Children are practical. We fear that they will worry and feel sad when shown the world’s greatest needs, but much more often their response is action. They love being able to do something. They love to help.

There is much we can learn from children about the way in which they view the world. Presented with the enormity of human suffering across the globe, the typical adult might say, “What can we possibly do that would make a difference? The problem is too huge.” Children have more wisdom in this instance. Their usual response is more along the lines of, “Let’s do something.”

There is a story of a woman who came upon an old man while walking on a beach early one morning. She was amazed to see the shoreline littered with hundreds of starfish that had washed up and were dying in the morning sun, deprived of the seawater they needed for life. The old man was picking up the starfish, one at a time, and carrying them down to throw them back into the ocean.

The woman approached him and said, “Why do you even try? There are far too many. You’ll never get them all. Your efforts are noble, but they just don’t matter.”

The old man looked down at the starfish in his hand and flung it into the water.

“It mattered to that one,” the old man said. “It mattered to him.”

Child-friendly Nonprofits
by Pat McCloskey, O.F.M.

FOR FAMILIES interested in donating such gifts, four popular organizations are the Heifer Project, World Vision, the Christian Appalachian Project and Catholic Relief Services. Each agency has an online catalog and is a 501(c)(3) nonprofit, accredited by the Better Business Bureau and similar groups.

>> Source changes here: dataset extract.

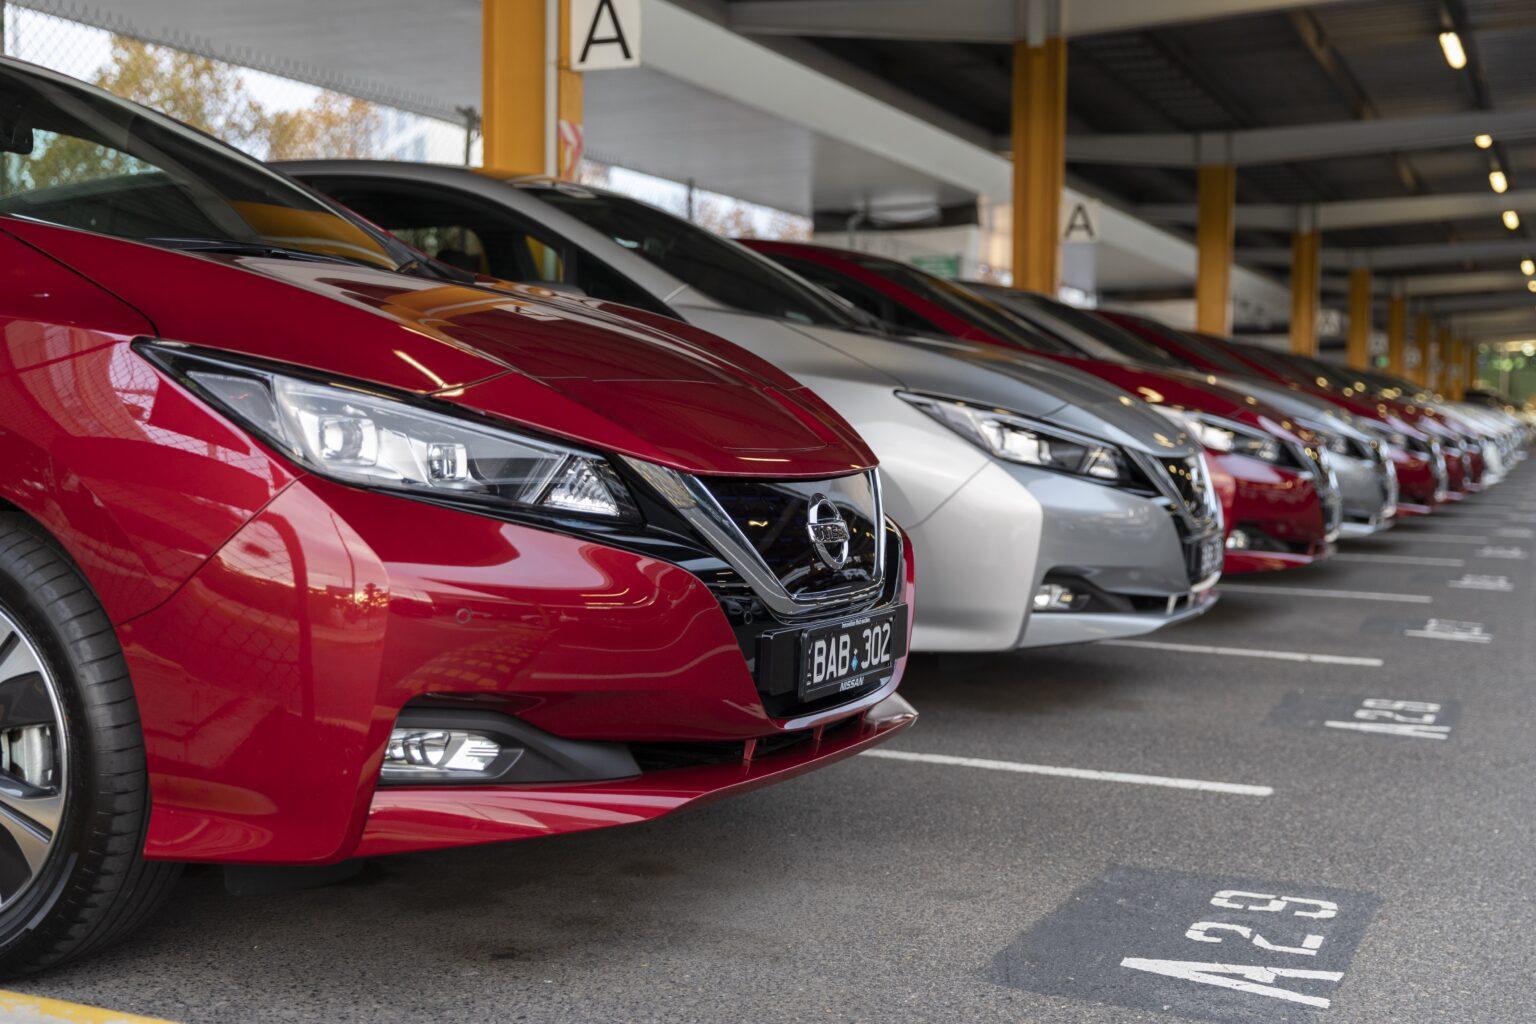 Row of Nissan Leaf cars

Heifer Project (www.heifer.org) began in 1944 when 17 heifers were sent from York, Pennsylvania, to Puerto Rico. The program now includes 128 countries in Africa, Asia, the South Pacific, Central and Eastern Europe and North America. Recipients agree to “pass on the gift” by sharing the offspring of gift animals to further the group’s goal of sustainable development. Heifer Project is headquartered in Little Rock, Arkansas.

World Vision (www.worldvision.org) sponsors more than 500,000 children in almost 100 countries in Africa, Latin America/Caribbean and Asia, as well as the Middle East and Eastern Europe. Its disaster relief and other programs reach almost 100 million people. This Christian, humanitarian organization began in 1950 and is headquartered in Federal Way, Washington.

The Christian Appalachian Project (www.christianapp.org) was begun in 1964 by Father Ralph Beiting and is an interdenominational, nonprofit Christian organization serving people in need in Appalachia by providing physical, spiritual and emotional support through a wide variety of programs and services. One of its services is a store that sells locally made products, aiding the economy of that region. It is headquartered in Hagerhill, Kentucky (near Lexington).

Catholic Relief Services (http://gifts.crs.org) assists people in over 100 countries, regardless of race, religion or nationality. CRS provides emergency aid and seed money for self-sufficiency projects regarding food, education and health care. It is the official international humanitarian agency of the U.S. Catholic community. Begun in 1943, CRS is headquartered in Baltimore, Maryland.

 

Linda McCullough Moore is the author of The Distance Between (Soho Press), as well as some 300 stories and essays. She also teaches creative writing in Northampton, Massachusetts.